The person who sees it as a plane figure might bring a flat object in the shape of the outline of the image above.

Presumably, given the context of this comment, Wittgenstein wants to make a point about how we take explanations of what a word means. - That there is a connection between the way in which someone understands a word and how they use it.

§73

For a sample to be understood in the right way resides in the way the sample is applied - not in the person having some particular mental image before their mind.
Samples OR mental images can be variously interpreted.
§72

The activity of looking for something in common between different samples in an ostensive definition given to you might be different in different cases.
(i) In the first case the person is told, "the colour you see in all these is called 'yellow ochre'". What are the distinctive features of this case?
 (a) The definite article is used (unlike (ii)).
 (b) The phrase 'the colour' is used which tells the person what kind of thing it is they are looking for.
 (c) The person might look at various colours and see that some of them are not featured in all of the samples - they could use a process of elimination.
(ii) In the second case the person is shown samples of various shapes all painted the same colour and told, "what these have in common is called 'yellow ochre'. In this case the person will most likely recognise that the common feature is not the shape given that the samples are various shapes. If the person is familiar with other colour terms they might well recognise that what they are looking for is 'yellow -[something]' and so be pointing in the direction of looking at the colour.
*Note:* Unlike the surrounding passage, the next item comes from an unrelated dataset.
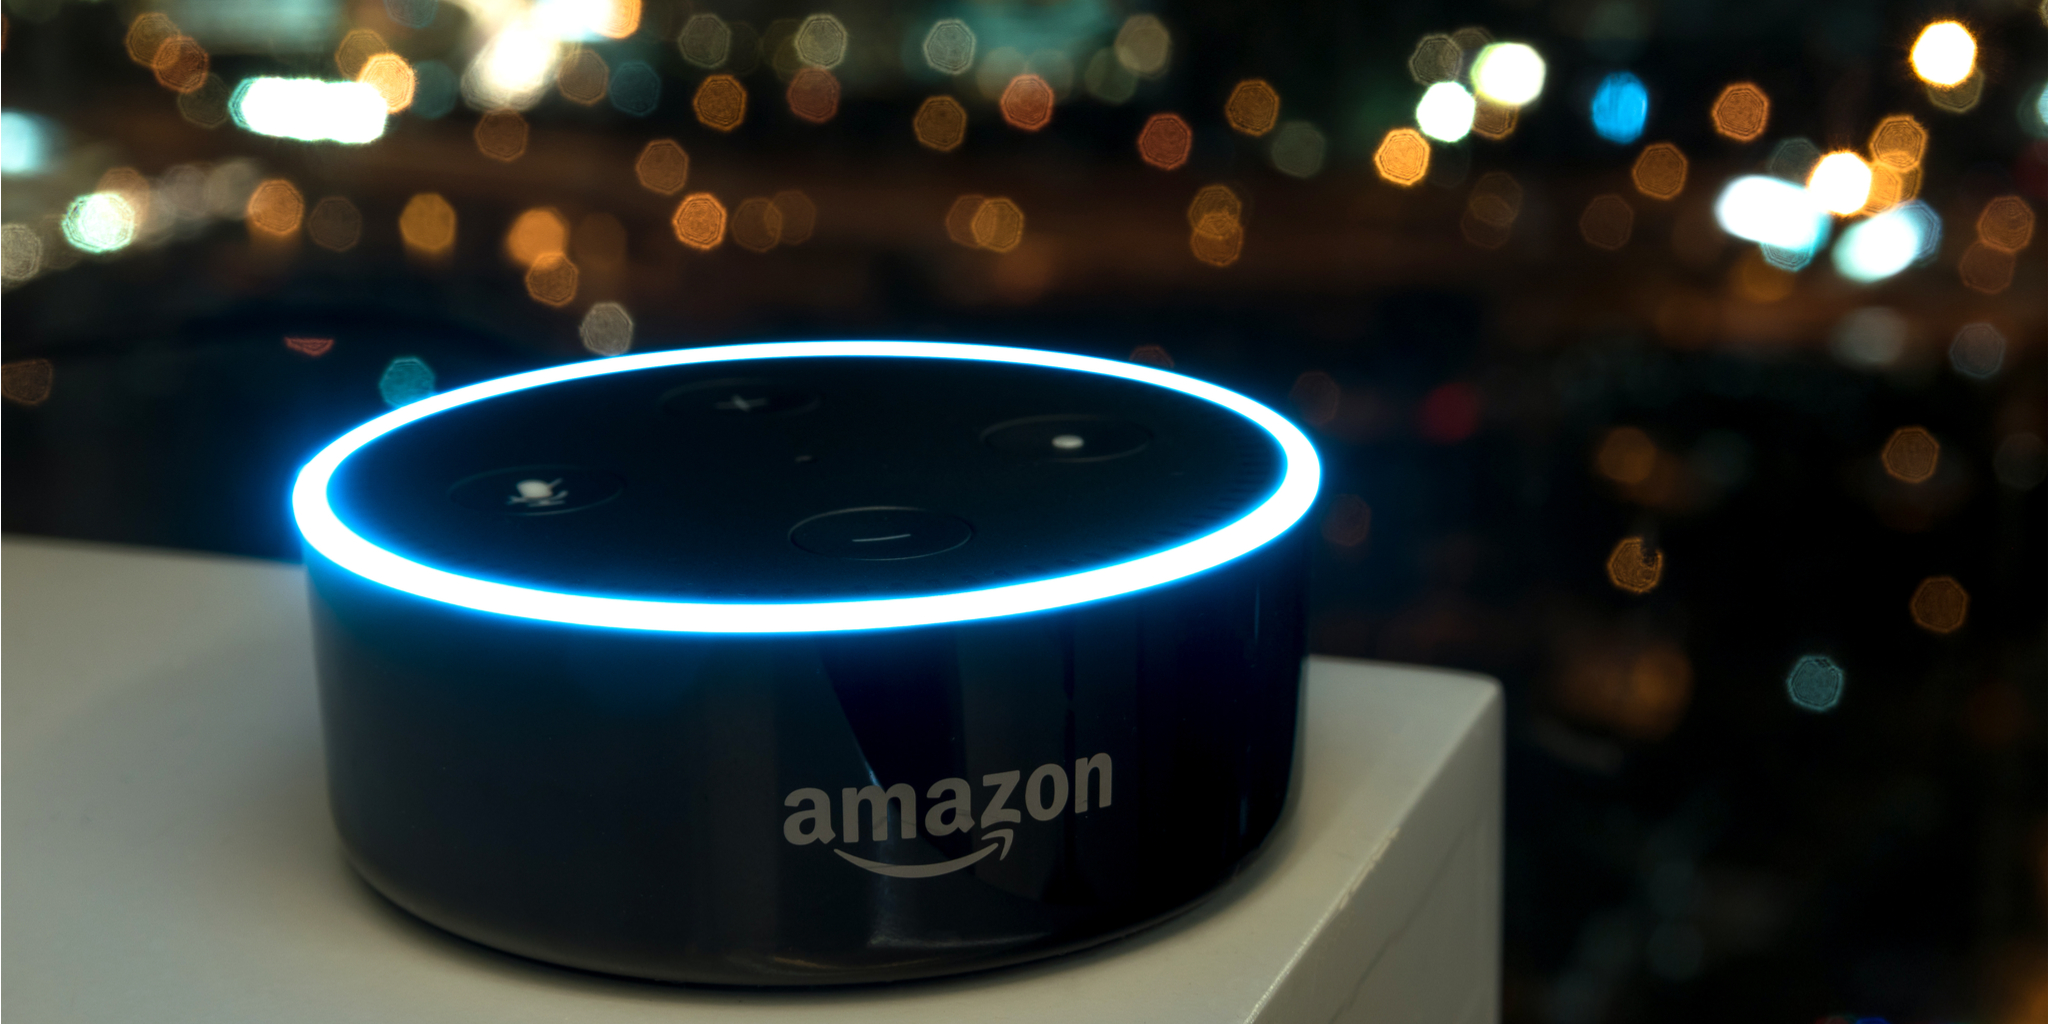 Amazon Echo Secret Özellikleri: Alexa Cihazınızın Yapabileceğini Bilmediğiniz 12 Harika Hile
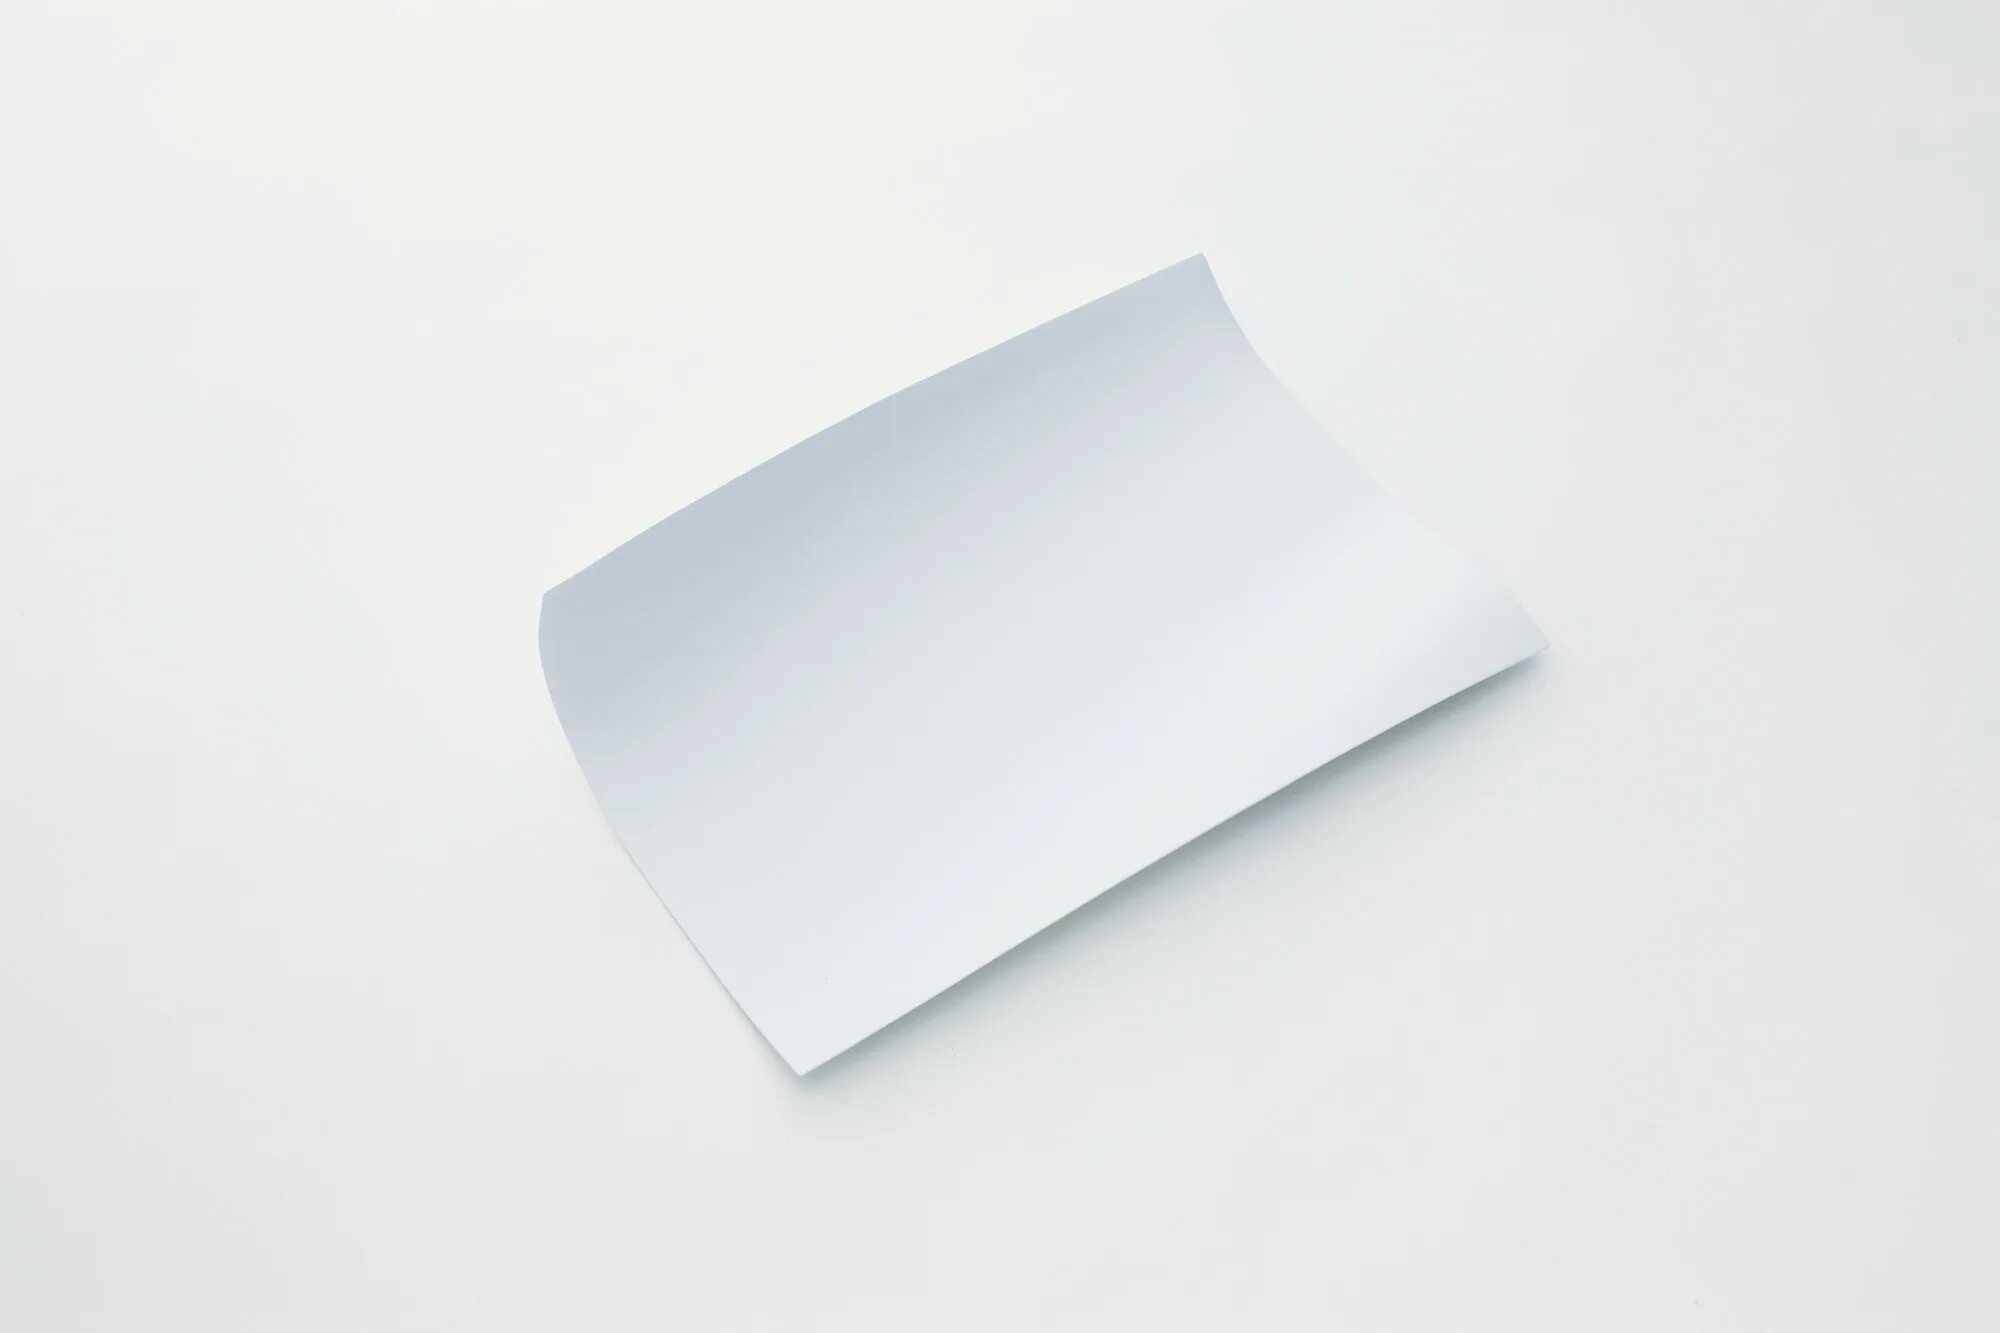 Бумага е. Лист бумаги. Белый лист бумаги. Лист бумаги на белом фоне. Бумажный лист.

Given that there are no other colours involved they won't go through the same kind of process of elimination as in (i).

What can we take from this?
Suggestions:
- That ostensive definitions might take various different forms.
- Perhaps it also draws attention to the idea of seeing-as.
- It could serve as a reminder of the fact that ostensive definitions can be variously interpreted.

Friday 22 February 2013

§71

Although someone may misunderstand your definition of 'game' that does not mean that there is something unsatisfactory with the concept or that it is not a concept or that there is something wrong with ostensive definitions more generally. Any kind of explanation can be misunderstood.

There are other cases where we do not draw a sharp boundary but where what we say is 'fit for purpose' (and perhaps drawing a sharp boundary would not suit our purpose). I might go shopping with a friend and then agree to go off individually and meet up later. I could say, "let's meet outside Sainsburys at about 2pm". - I haven't specified an exact spot to meet - and it isn't even clear what specifying an exact spot would amount to (latitude-longitude coordinates which pick out a precise point? - But then where should we stand in relation to the point specified?)
§70

Wittgenstein wants to say that there are no clear criteria for exactness that apply in every case. What counts as exact depends on our purposes and the kind of thing that is in question. Perhaps you could say that you've told someone exactly what 'game' means when you've pointed to quite a few games and added a similarity rider and are satisfied that they've understood.

Is it that what counts as exact depends on circumstances or is it that we'll be satisfied with a certain degree of exactness in certain circumstances and want to be more exact in others? (Or both?) - I think both.
§69

We are not ignorant of the boundaries of the concept 'game' because no boundaries have been drawn (the meaning of a word is not something hidden from us that we might uncover/discover).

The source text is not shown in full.